(Beginning of DATASET EXCERPTS)
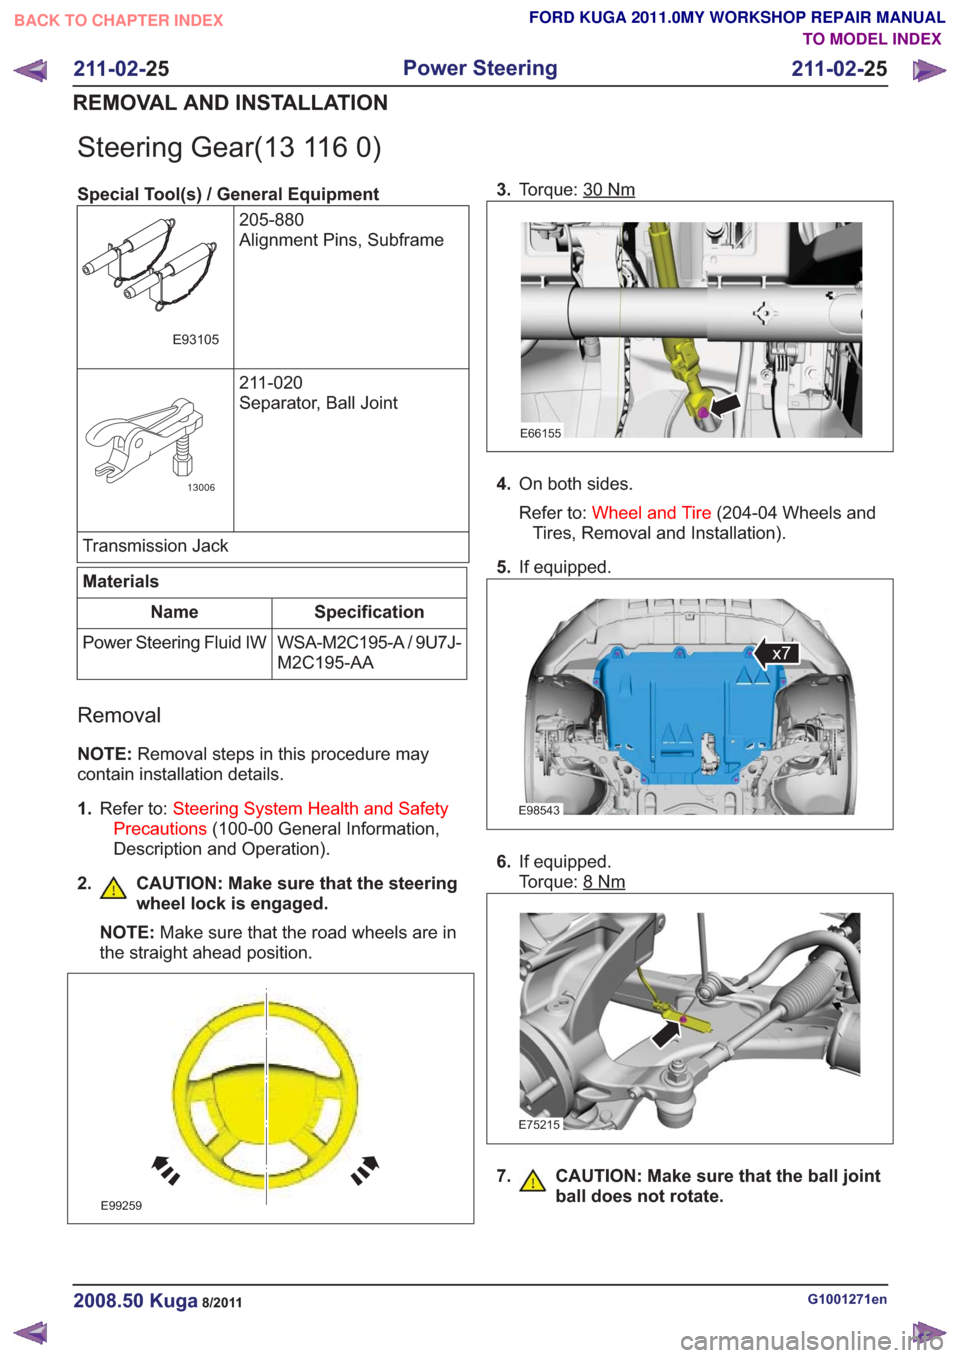 FORD KUGA 2011 1.G User Guide Steering Gear(13 116 0)
Special Tool(s) / General Equipment205-880
Alignment Pins, Subframe
E93105
211-020
Separator, Ball Joint
13006
Transmission Jack
Materials
Specification
Name
WSA-M2C195-A / 9U7
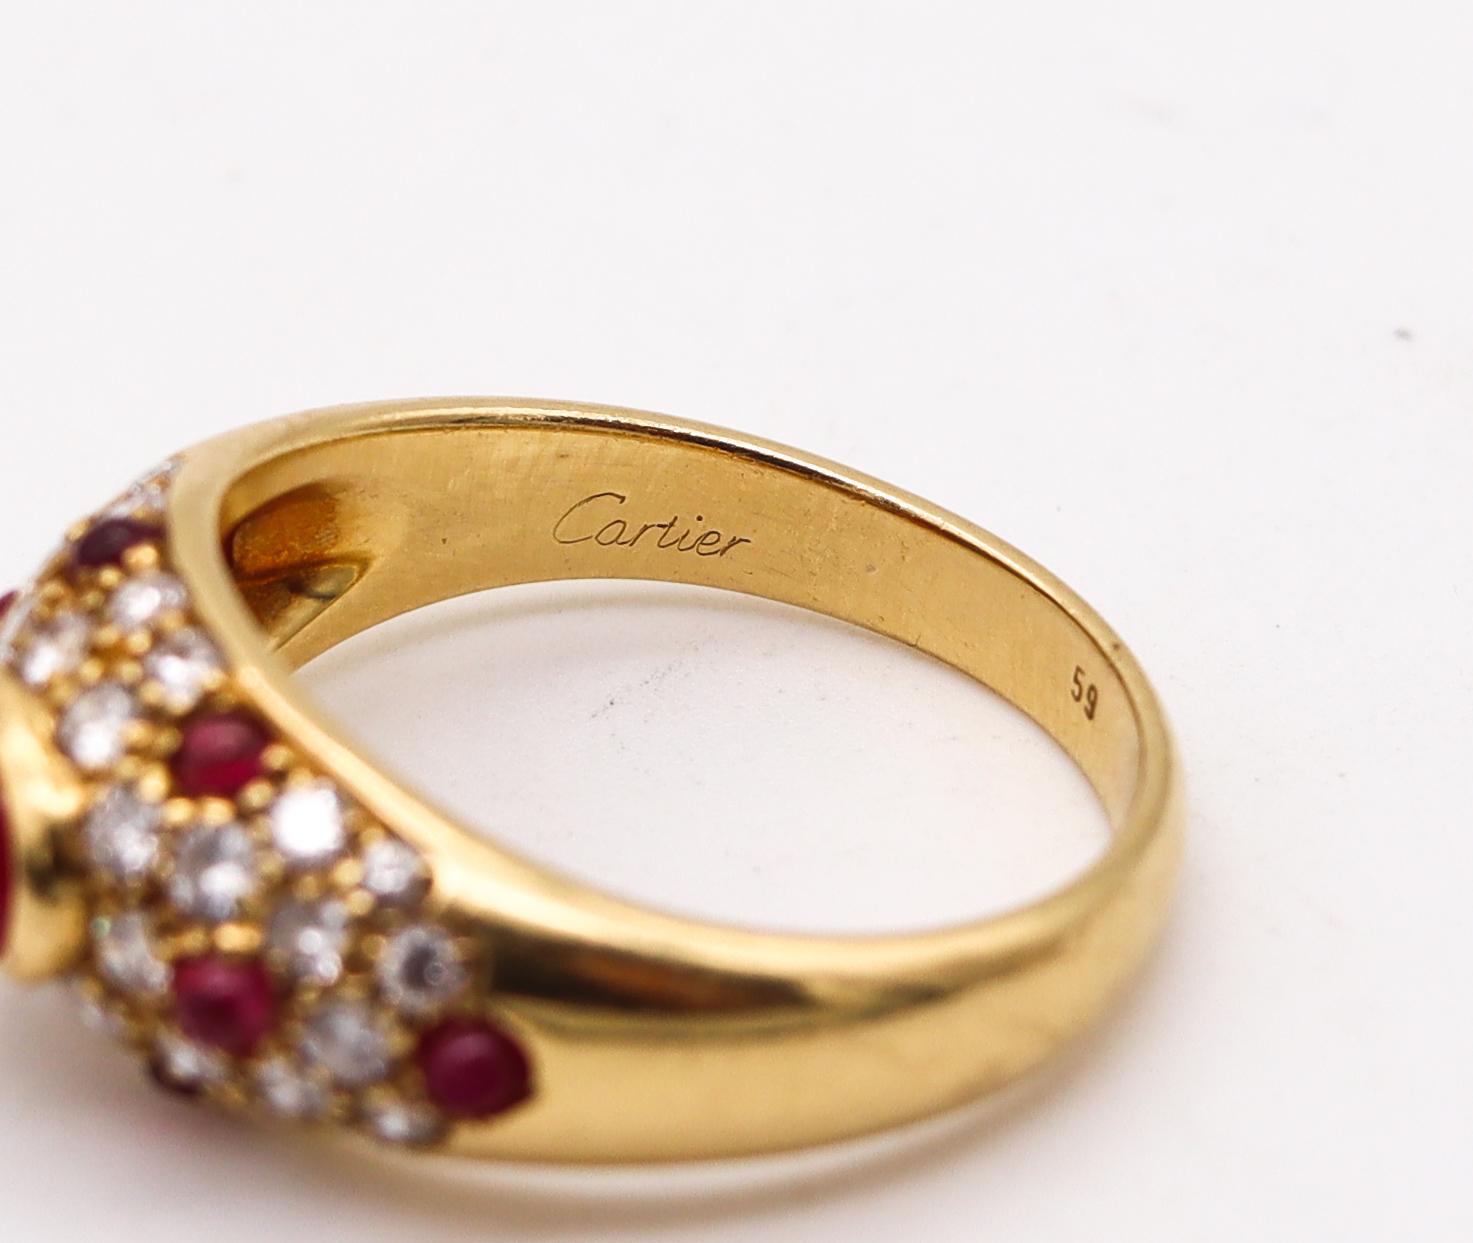 Modernist Cartier Paris 1970 Corinth Ring in 18kt Gold with 2.83ctw in Diamonds & Rubies For Sale
(End of DATASET EXCERPTS)
● **EXERCISE**
Without including the pictures, return each record above exactly as it stands.

● **EXPECTED ANSWER**
 FORD KUGA 2011 1.G User Guide Steering Gear(13 116 0)
Special Tool(s) / General Equipment205-880
Alignment Pins, Subframe
E93105
211-020
Separator, Ball Joint
13006
Transmission Jack
Materials
Specification
Name
WSA-M2C195-A / 9U7
 Modernist Cartier Paris 1970 Corinth Ring in 18kt Gold with 2.83ctw in Diamonds & Rubies For Sale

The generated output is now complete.